(MATERIAL PROVIDED begins)

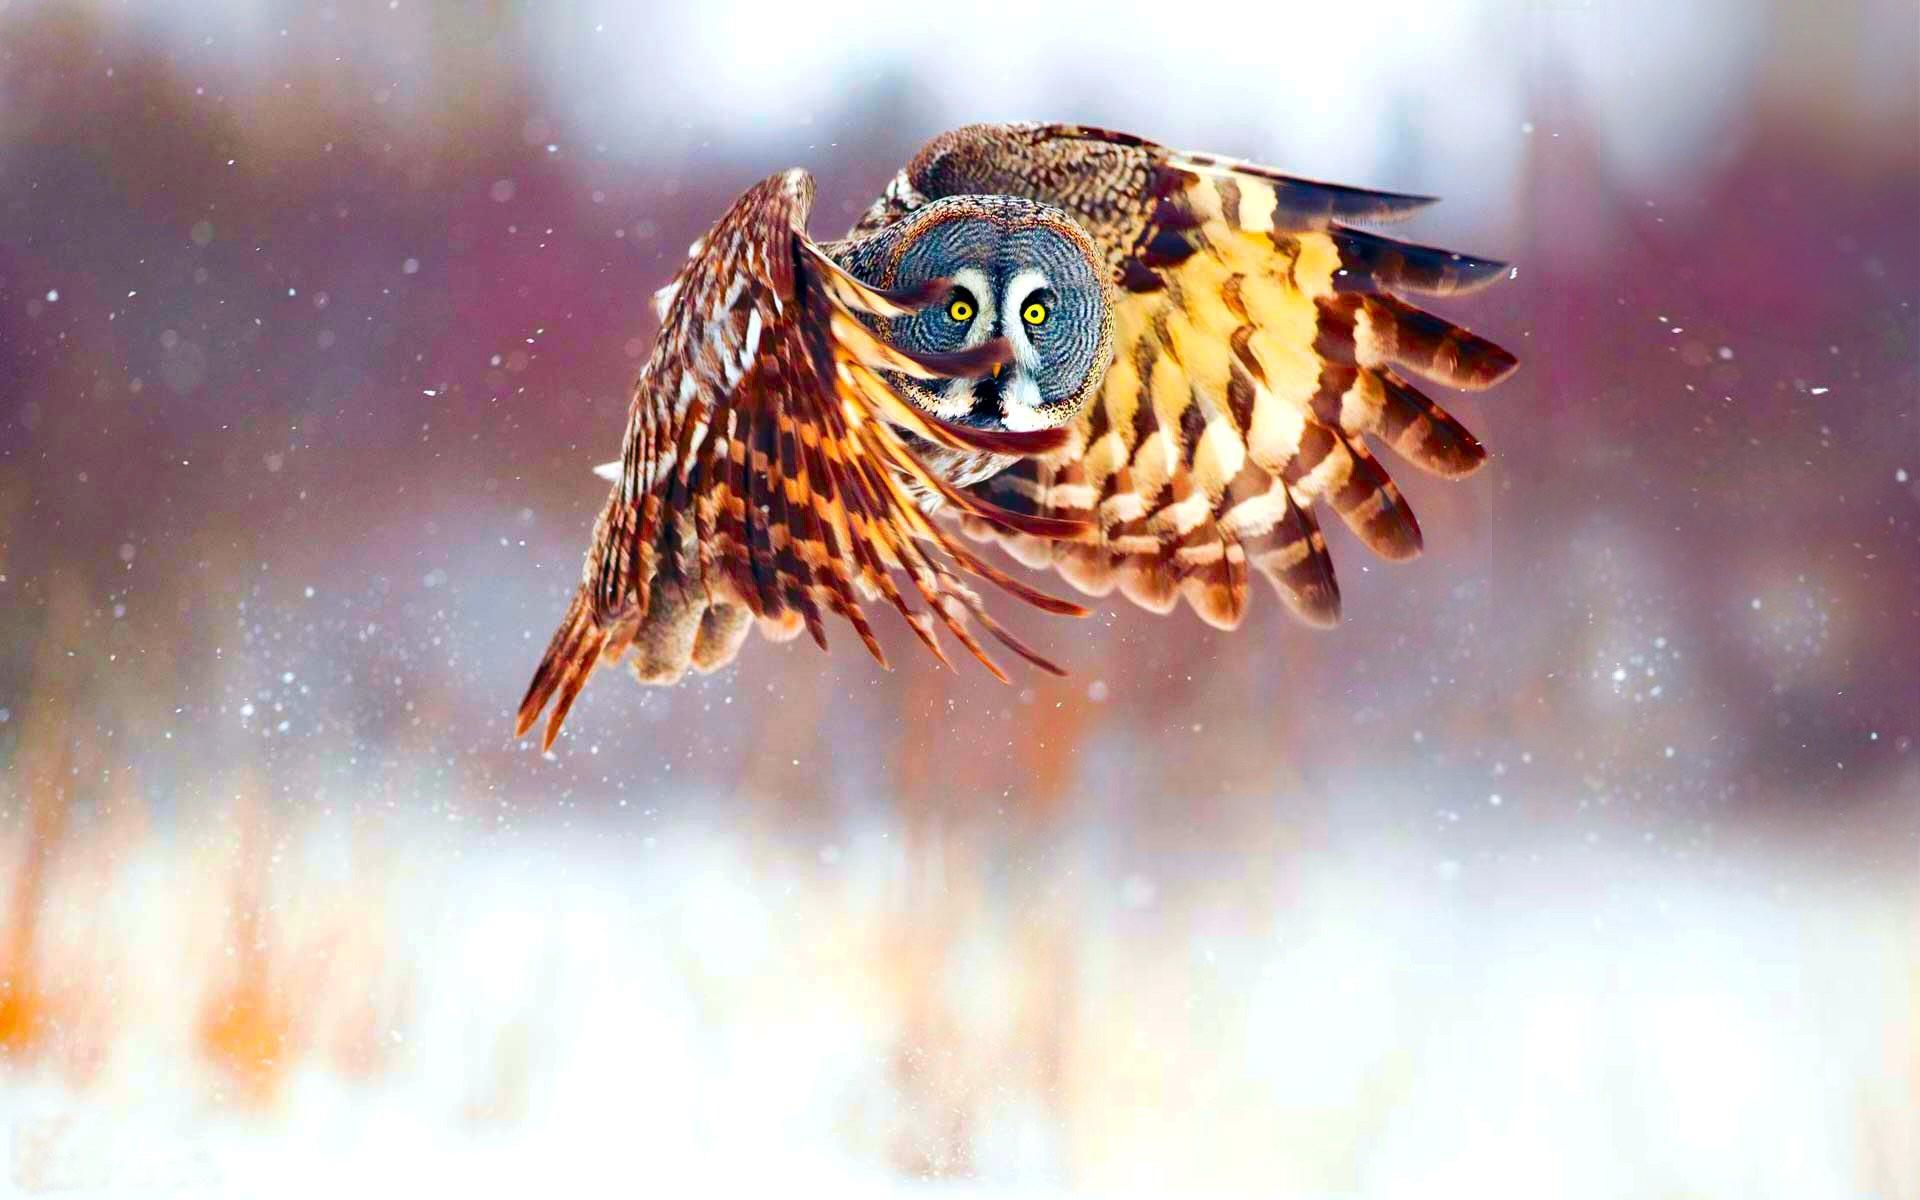 High Resolution Owl Wallpaper
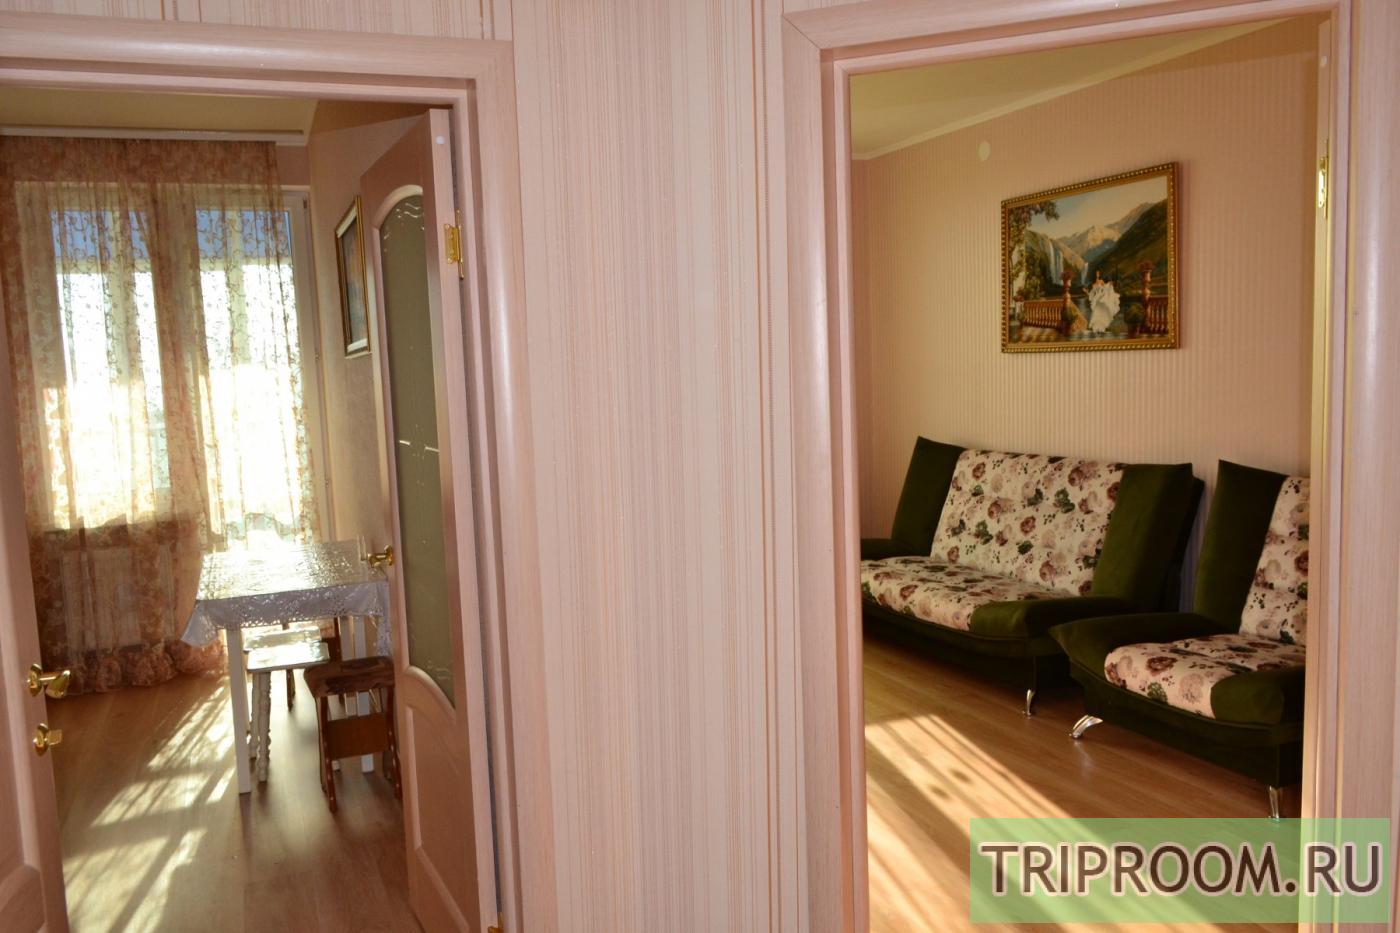 1-комнатная квартира посуточно (вариант № 20322), ул. Юлиуса Фучика улица, фото № 5
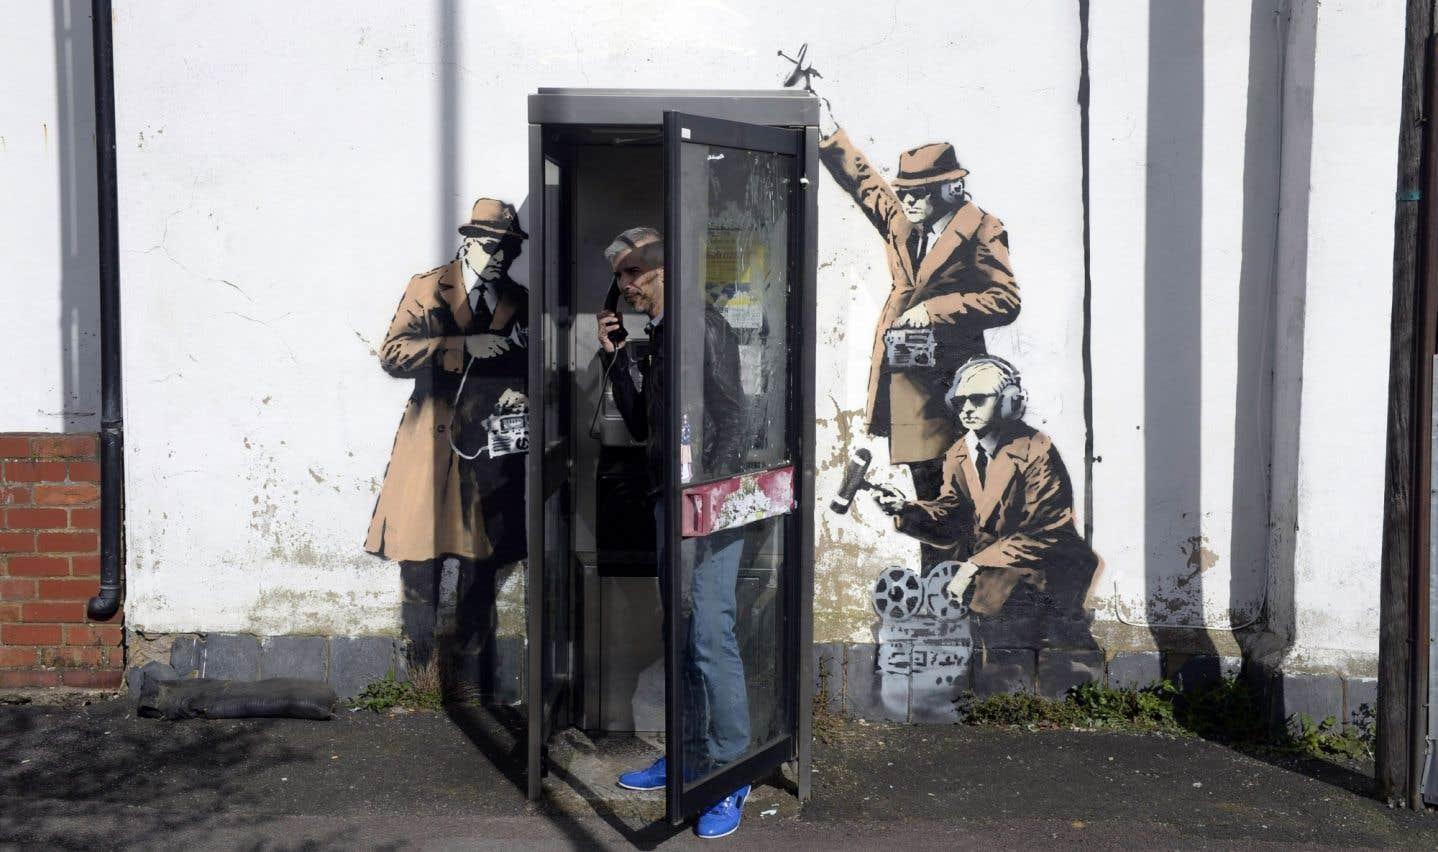 De l'art pour dénoncer la surveillance
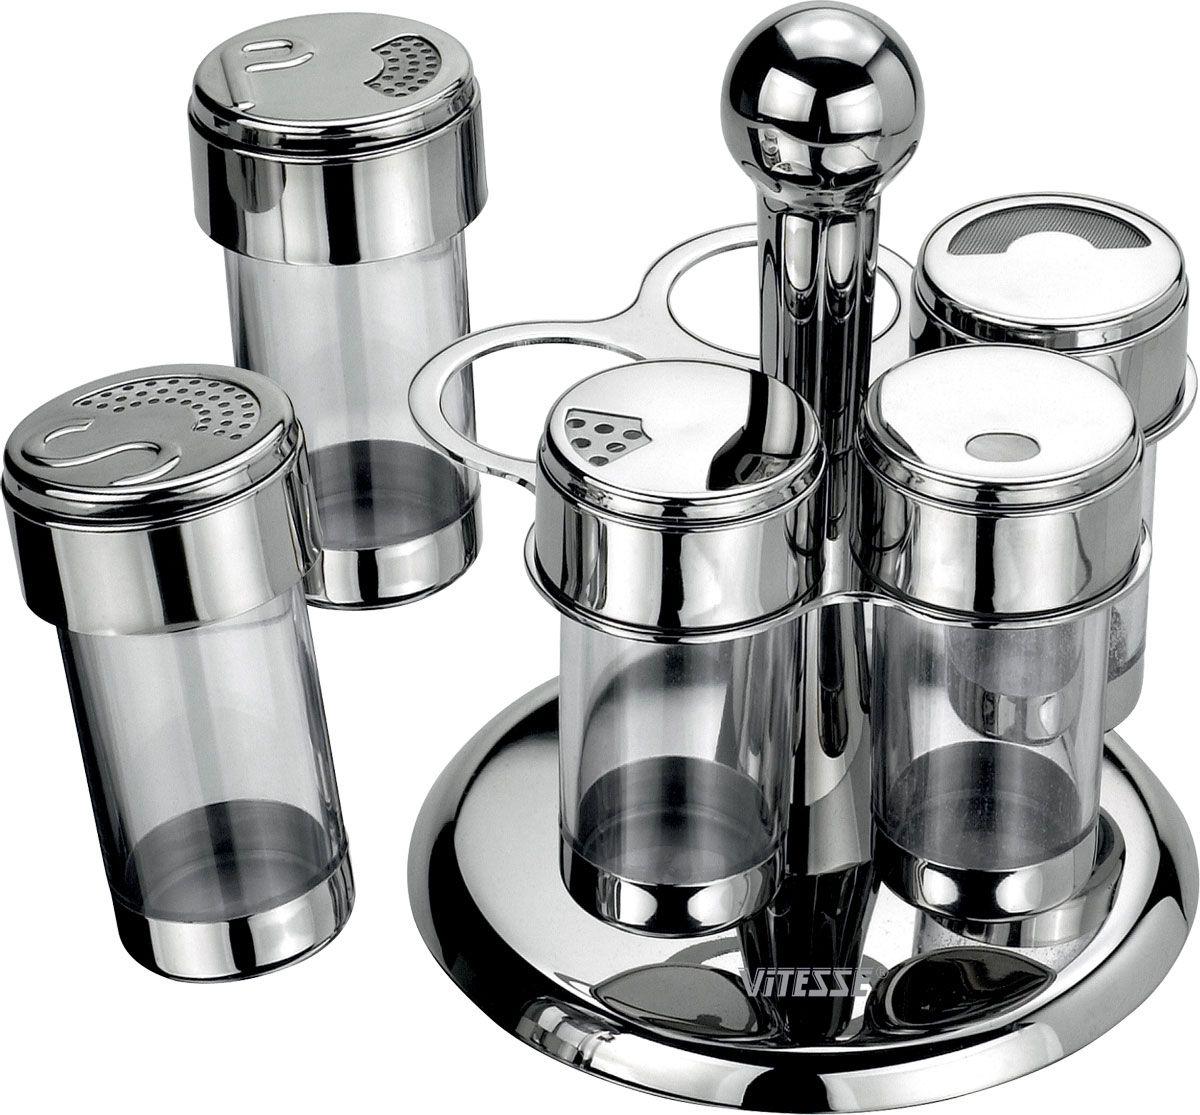 Набор для специй Vitesse Margo, 6 предметовVT-1520(SR)Набор для специй Margo состоит емкости для какао порошка, универсальной емкости для специй, перечницы, солонки, подставки для зубочисток и вращающейся металлической подставки. Емкости выполнены из нержавеющей стали и прозрачного пластика. Крышки емкостей снабжены резьбой, которая обеспечивает плотное прилегание крышки, и позволяет долгое время сохранить специи свежими.Данный набор - оригинальное решение для современной кухни. Характеристики:Диаметр емкости:4 см.Высота емкости:10,2 см.Материал:нержавеющая сталь, пластик.Артикул:VS-1080.Кухонная посуда марки Vitesseиз нержавеющей стали 18/10 предоставит Вам все необходимое для получения удовольствия от приготовления пищи и принесет радость от его результатов. Посуда Vitesse обладает выдающимися функциональными свойствами. Легкие в уходе кастрюли и сковородки имеют плотно закрывающиеся крышки, которые дают возможность готовить с малым количеством воды и экономией энергии, и идеально подходят для всех видов плит: газовых, электрических, стеклокерамических и индукционных. Конструкция дна посуды гарантирует быстрое поглощение тепла, его равномерное распределение и сохранение. Великолепно отполированная поверхность, а также многочисленные конструктивные новшества, заложенные во все изделия Vitesse, позволит Вам открыть новые горизонты приготовления уже знакомых блюд. Для производства посуды Vitesseиспользуются только высококачественные материалы, которые соответствуют международным стандартам.

(MATERIAL PROVIDED ends)

- TASK DETAILS -
In the data above, retype only the stretch from the line with "1-комнатная квартира посуточно" through the line with "De l'art pour dénoncer la surveillance", word for word, and skip any pictures.

- FINISHED EXERCISE -
 1-комнатная квартира посуточно (вариант № 20322), ул. Юлиуса Фучика улица, фото № 5
 De l'art pour dénoncer la surveillance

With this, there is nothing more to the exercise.